ICPO: Illocution-Calibrated Policy Optimization for Multi-Turn Conversation
- URL: http://arxiv.org/abs/2601.15330v1
- Date: Tue, 20 Jan 2026 04:39:28 GMT
- Title: ICPO: Illocution-Calibrated Policy Optimization for Multi-Turn Conversation
- Authors: Zhebo Wang, Xiaohu Mu, Zijie Zhou, Mohan Li, Wenpeng Xing, Dezhang Kong, Meng Han,
- Abstract summary: Large Language Models (LLMs) in multi-turn conversations often suffer from a lost-in-conversation'' phenomenon.<n>We find that standard post-training techniques like Reinforcement Learning with Verifiable Rewards (RLVR) exacerbate this issue.<n>We propose Illocution-Calibrated Policy Optimization (ICPO), a novel training framework that sensitizes the model to instruction ambiguity.
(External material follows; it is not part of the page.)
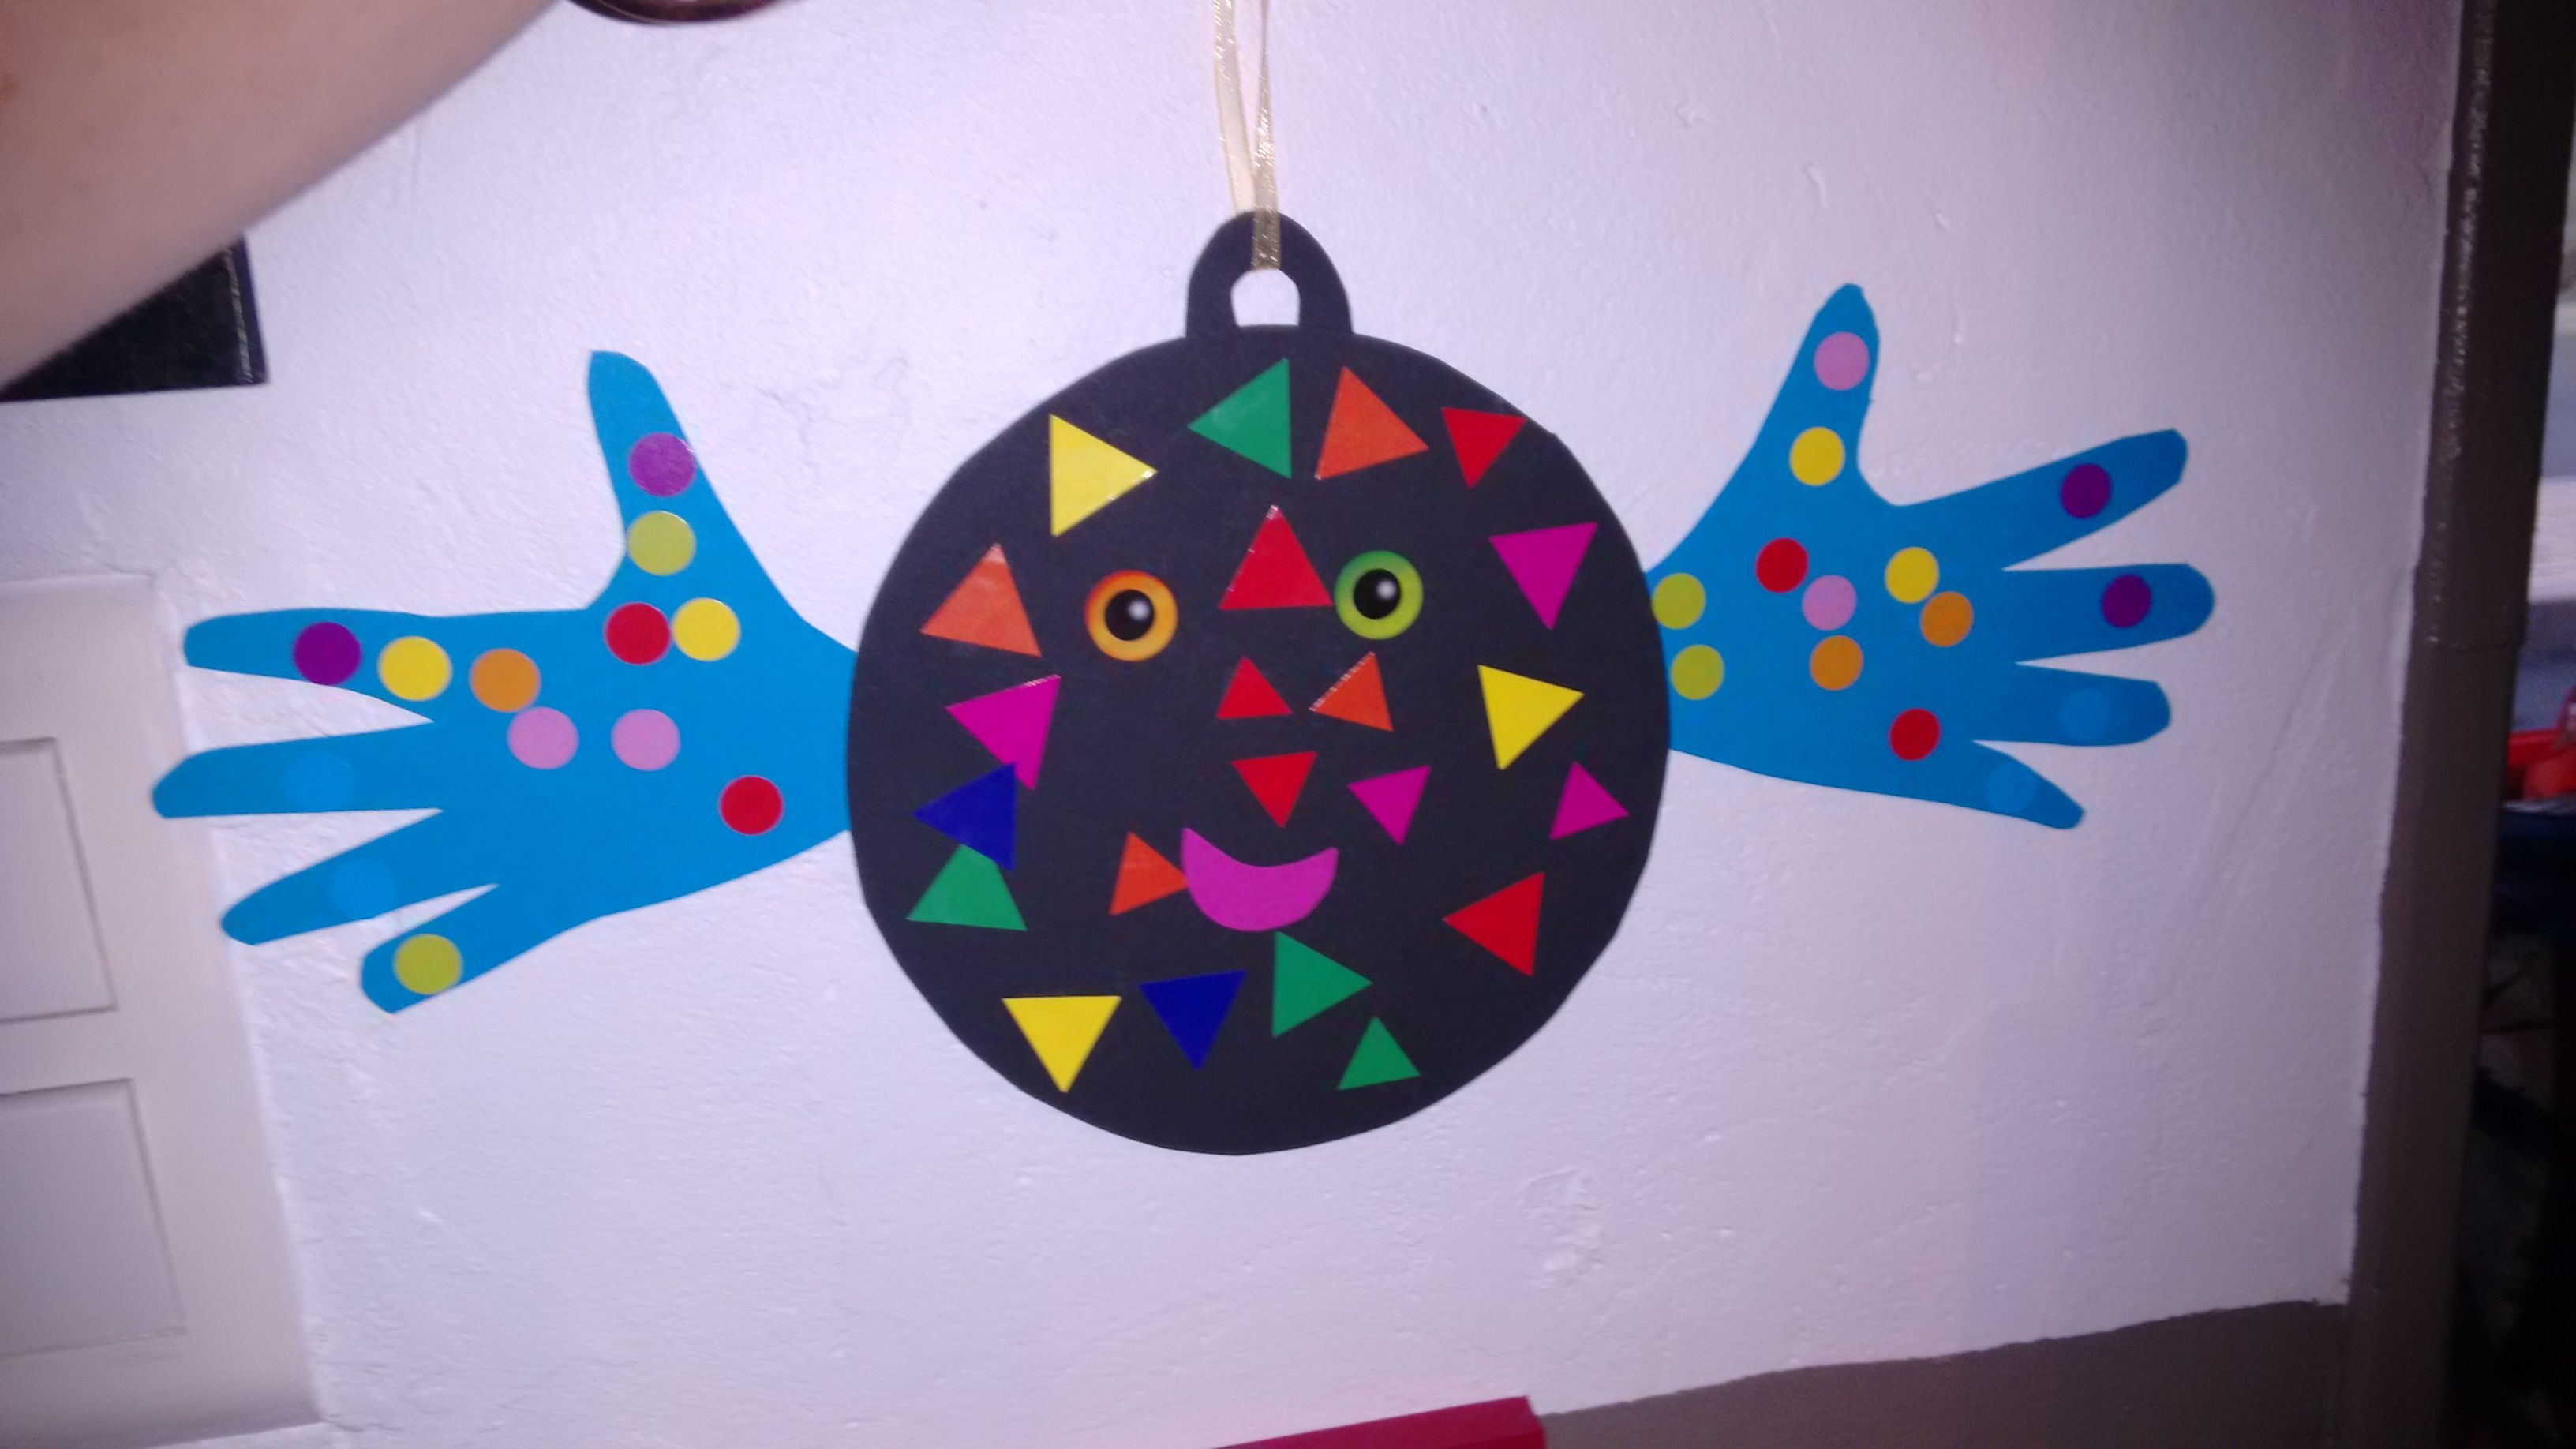 Activité Manuelle Noël tout boulle de noël : activité manuelle pour enfant très simple et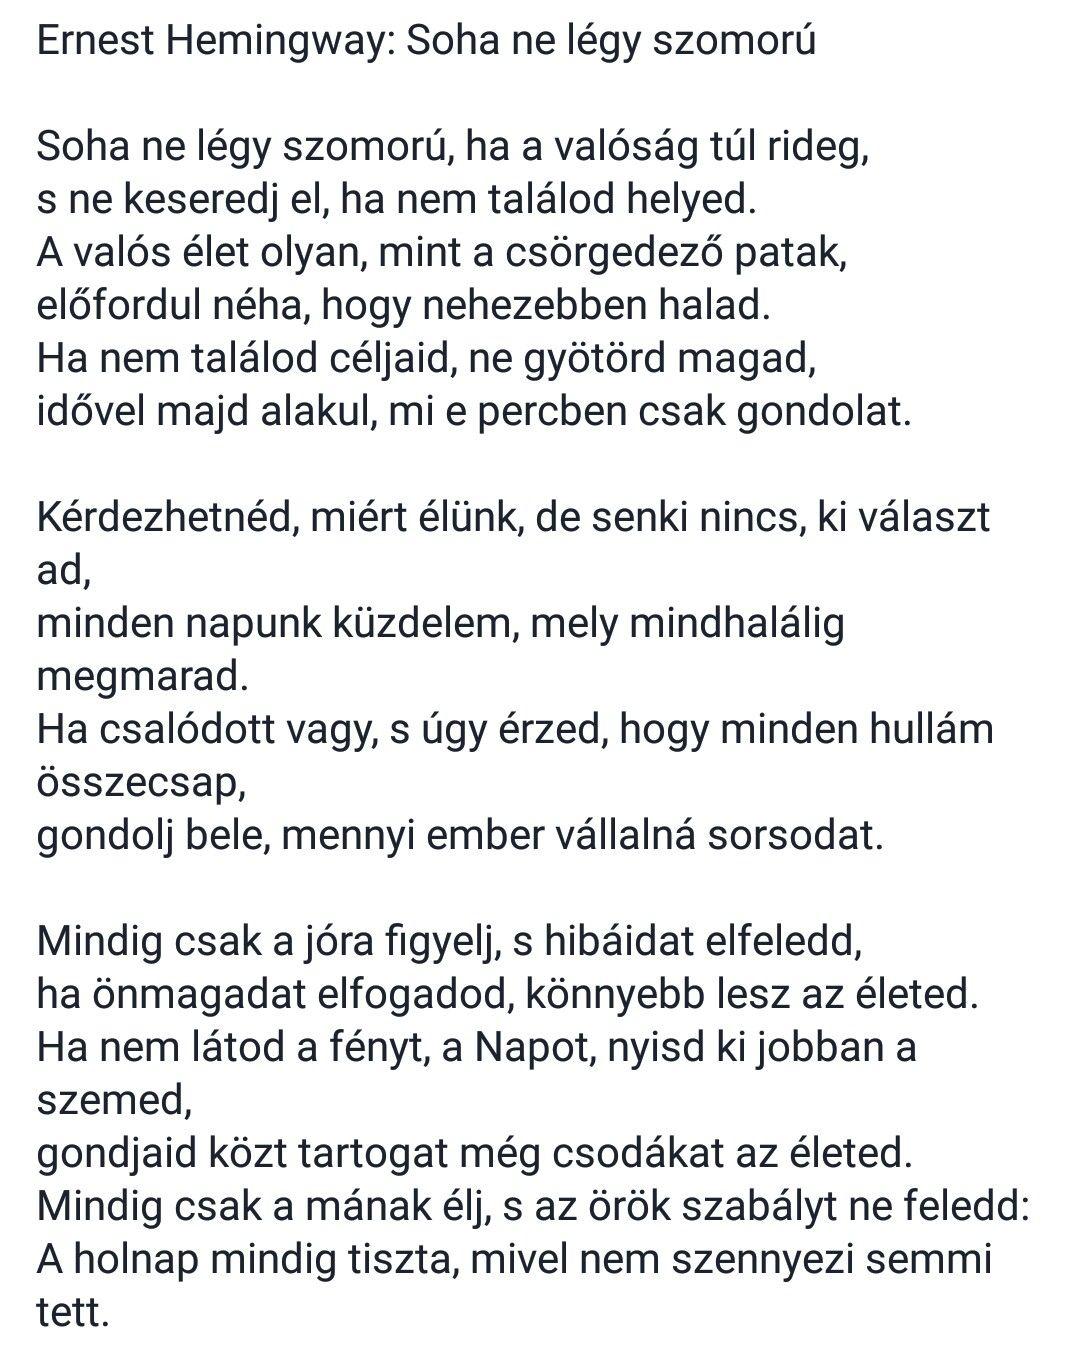 szomorú gyönyörű idézetek versek Pin by Jenei Jánosné on Idézetek | Affirmation quotes, Poetic

- Score: 21.69212076688903
- License: http://arxiv.org/licenses/nonexclusive-distrib/1.0/
- Abstract: Large Language Models (LLMs) in multi-turn conversations often suffer from a ``lost-in-conversation'' phenomenon, where they struggle to recover from early incorrect assumptions, particularly when users provide ambiguous initial instructions. We find that standard post-training techniques like Reinforcement Learning with Verifiable Rewards (RLVR) exacerbate this issue by rewarding confident, direct answers, thereby inducing overconfidence and discouraging the model from seeking clarification. To address this, we propose Illocution-Calibrated Policy Optimization (ICPO), a novel training framework that sensitizes the model to instruction ambiguity. ICPO augments the training corpus with underspecified prompts and conditions the reward signal on the user's illocutionary intent, rewarding the model for expressing uncertainty or asking for clarification when faced with ambiguity. Experiments demonstrate that ICPO fosters appropriate humility, yielding a substantial average improvement of 75\% in multi-turn conversation, while preserving robust performance on single-turn benchmarks. Our work presents a practical path toward more robust and collaborative conversational AI that can better navigate the nuances of human interaction.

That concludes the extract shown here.